I did tell him that SI would be interested in an article. He could collaborate with a writer on our staff, and the magazine would pay him a fee of some sort.
He said he would give it some thought.
The thing I wanted to hear about the most was his side of the legend-filled match he played against a young Byron Nelson in Fort Worth, but I led up to it with questions about other things.
I said, “You mentioned John Montague on the phone. You said ‘Golf’s Mystery Man’ was a fraud?”
Ti said, “The biggest mystery to me was how he ever got famous. He could hit a long drive, but he couldn’t break 75. Heck, if you gave me two strokes a hole, I could beat you with a baseball bat and a rake and putting with my shoe. He got all he wanted of me in one day at Lakeside. But the middle 70s was all he needed to shoot to beat those Hollywood people with low handicaps they couldn’t play to. Except for Howard Hughes. Howard was a good golfer. He worked hard at the game. He took lessons. Howard wanted to win the National Amateur more than he wanted to make movies. But he was never that good.”
I said, “Your reputation came in handy, didn’t it?”
“It did when my name got around,” he said. “I come to find out there were a lot of people who wanted to lose to Titanic Thompson.

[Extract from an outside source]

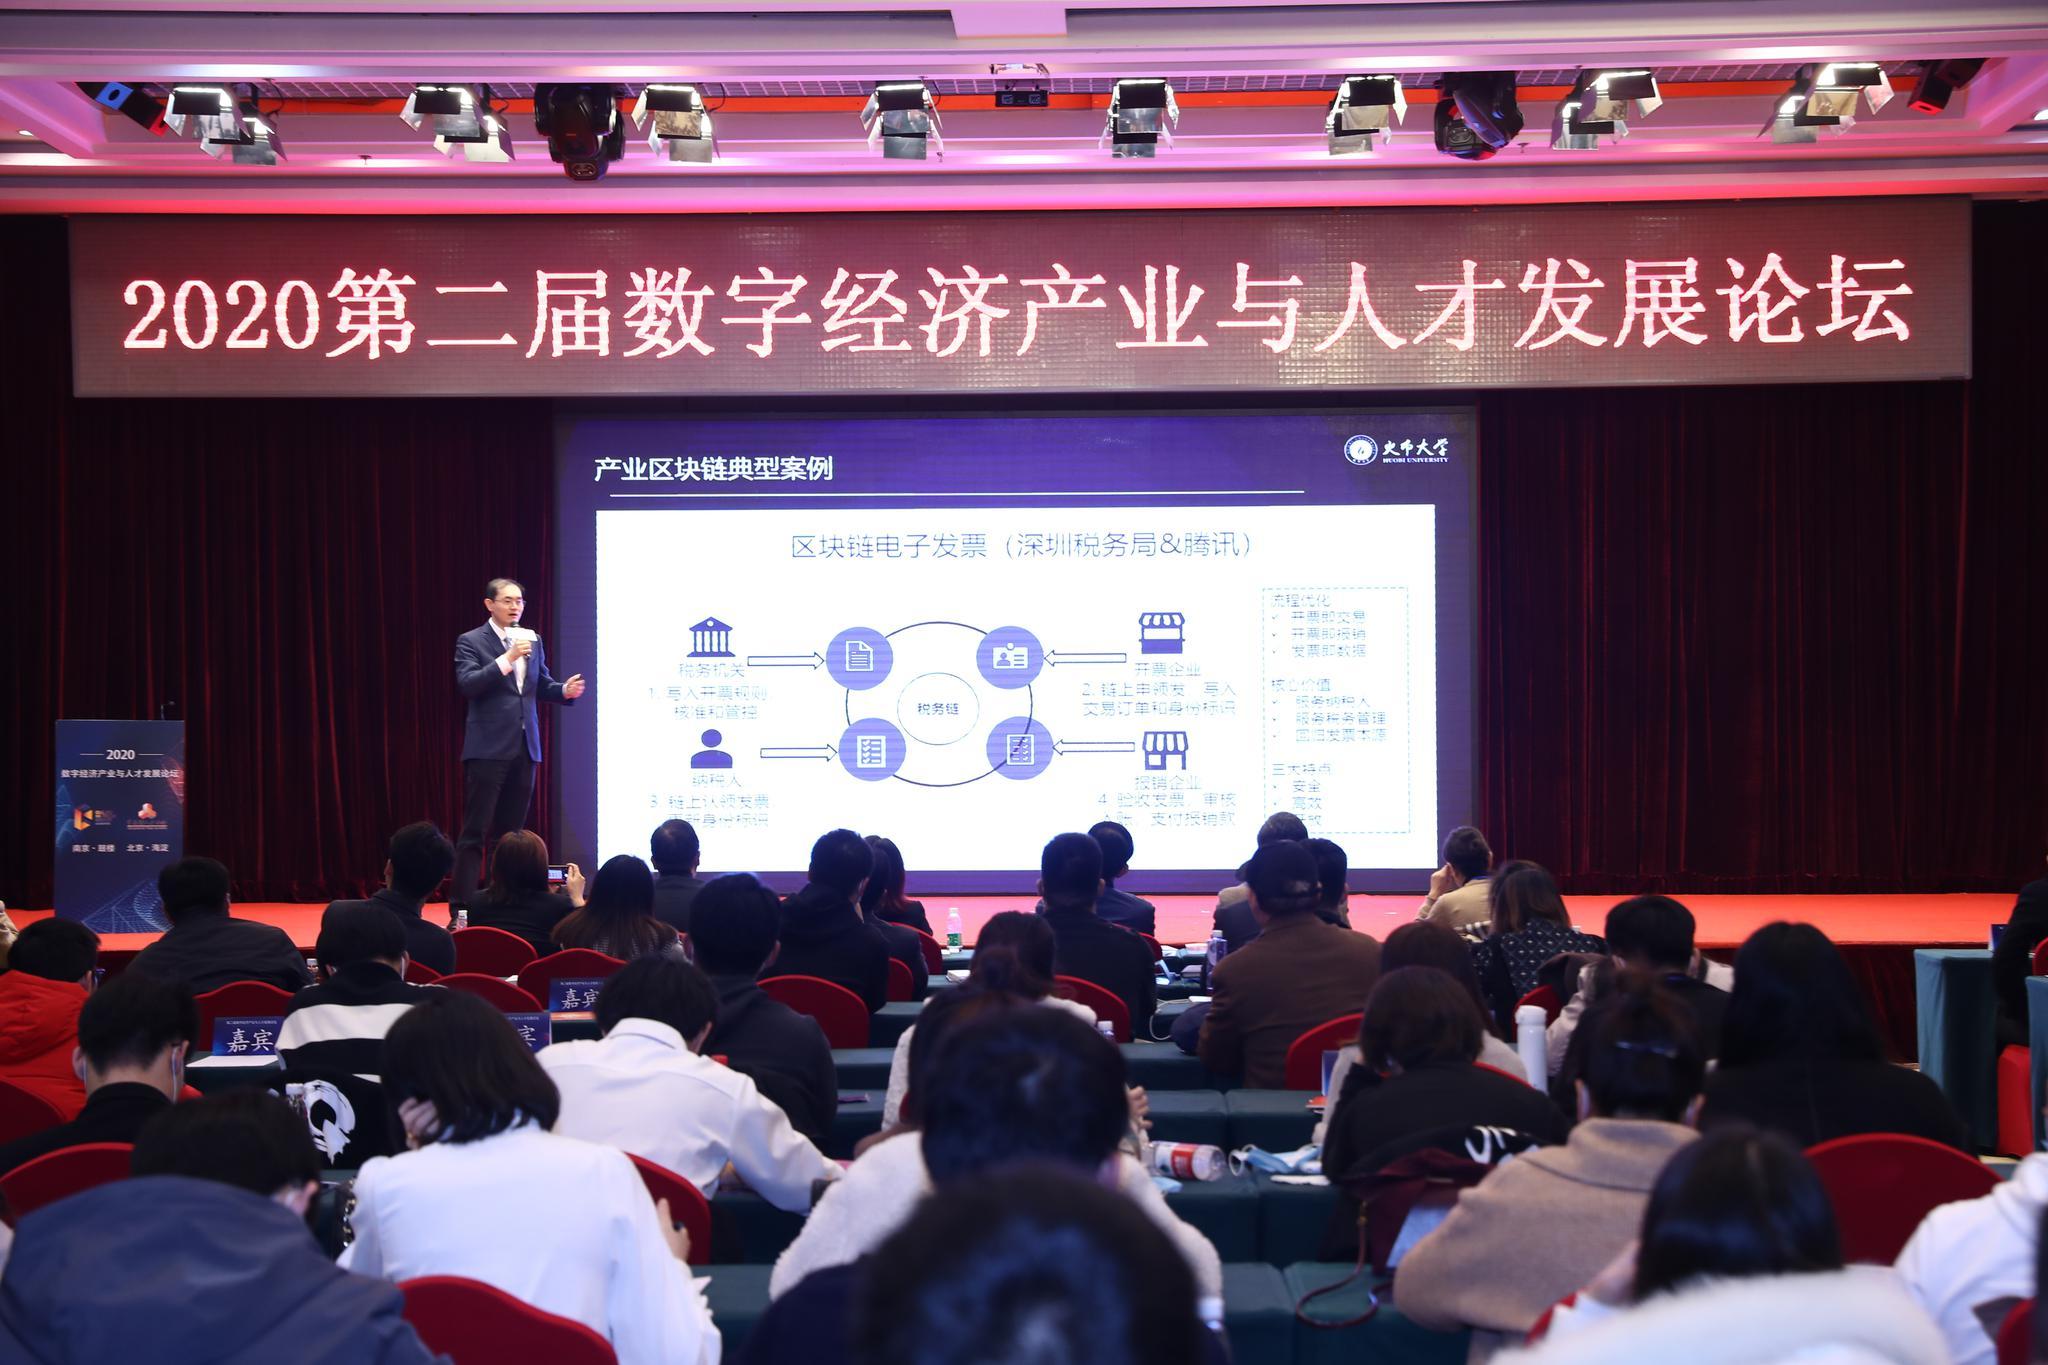 火链科技研究院最新报告:国际区块链监管呈三大趋势

It gave ‘em a story to tell their friends. I took advantage of that.”
“Golf was the game you were best at?”
“I was good at cards, too. I never cheated at cards. I played straight up. I could read cards and I could read people. I mostly played poker, but I could play any old card game. Fan Tan, Crazy Eight, Gin Rummy. Gin was starting to catch on back in the Thirties, but not everywhere, and not like today.”
I said, “Gin was too slow, right? For a gambling man?”
“You could say that.”
I wanted to hear about his name. I’d read that he adopted “Thompson” when he saw his name misprinted in a newspaper.

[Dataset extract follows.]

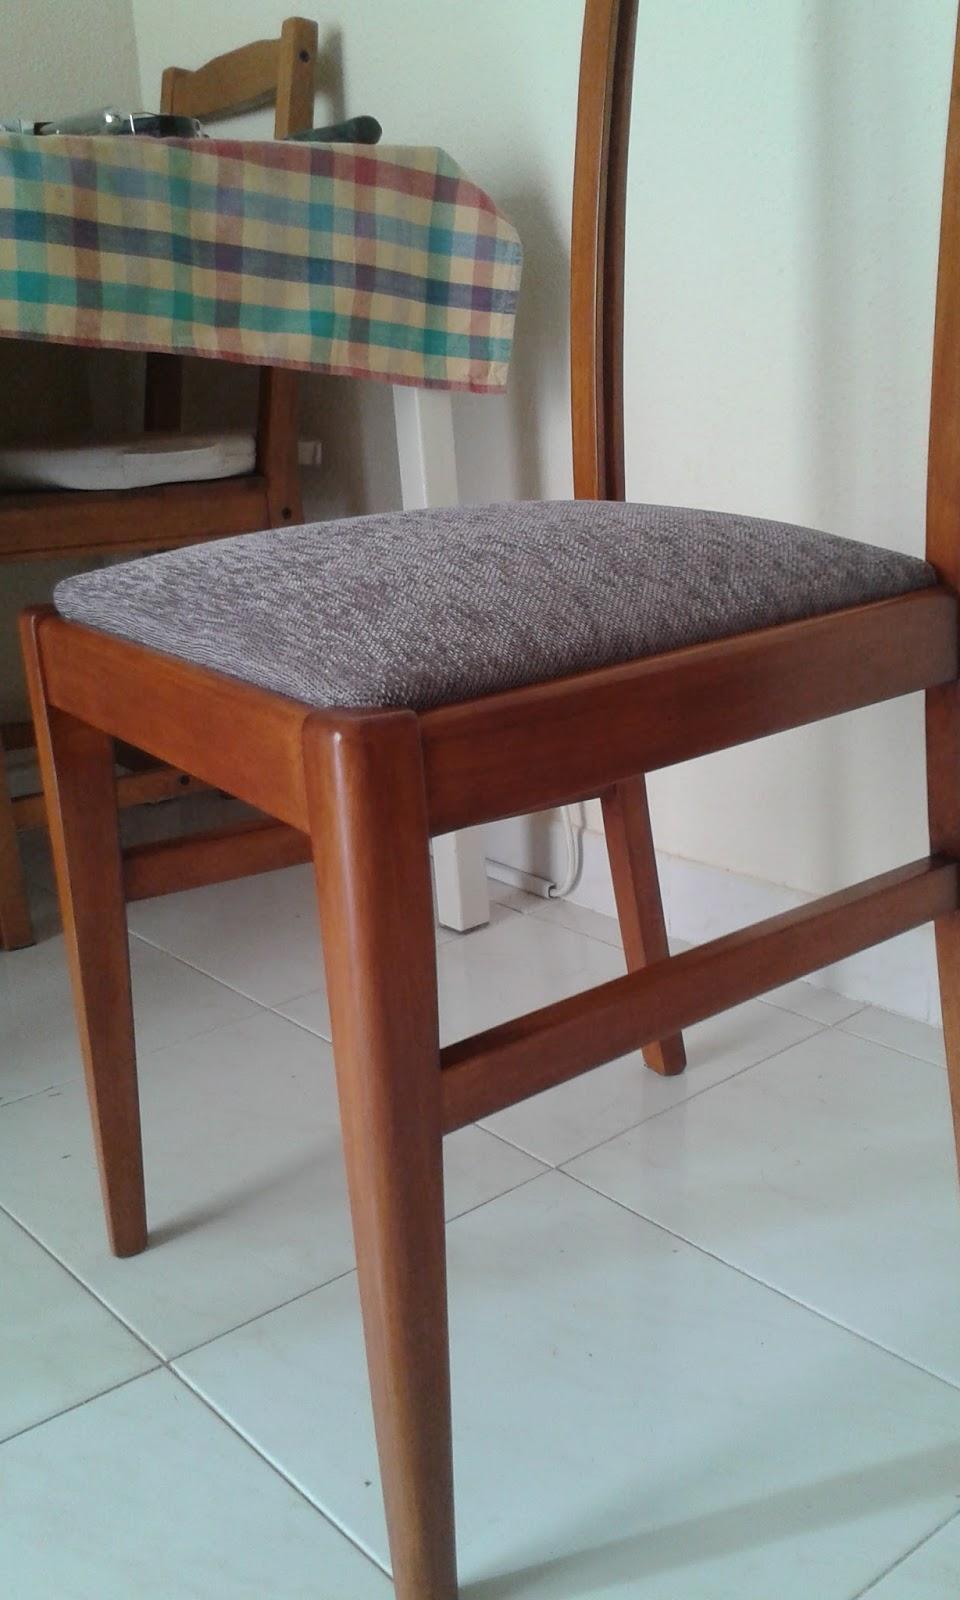 Muebleschulos como tapizar y transformar una silla - Como tapizar una silla con respaldo ...

“Titanic Thompson does have a better ring to it than Titanic Thomas,” I said as a comment, not a question.
He nodded.
As lore had it, he got the name Titanic as a young man before World War One in a pool hall in Joplin, Missouri. But I said I found it hard to buy that he got it by jumping over a pool table, or diving over a pool table, or whatever else he’d let people believe.
He said, “I did get the name in a pool game in Joplin, Missouri, before the war. A man named Snow Clark gave it to me. We were in a big game of pocket pool. Snow and me were partners against two other fellers. The stakes got pretty high. Snow saw me miss a couple of shots I should have made, and he knew it takes as much skill to miss a shot intentionally as it does to make it. He thought I’d put him in the can-that I’d bet on the other side. That’s when he said, ‘Boy, you’re sinkin’ me like the Titanic.’ I started laughing. I knew he’d given me a great name.”
“I’ll take that version,” I said.
In years past I’d talked to both Ben Hogan and Byron Nelson about Titanic. Each said he possessed a fine golf swing and was a hell of a player. Hogan also said, “Only a fool would play him in a game he suggested.”
I brought up the match between Titanic Thompson and Byron Nelson. It wasn’t covered by the press, and was never written about, but it became a part of Fort Worth golf history. They played an 18-hole match for $1,000-winner take all-in 1931 at Ridglea Golf Club on the west side of town. Ridglea was a public course then, but since 1954 it has been a country club of prominence.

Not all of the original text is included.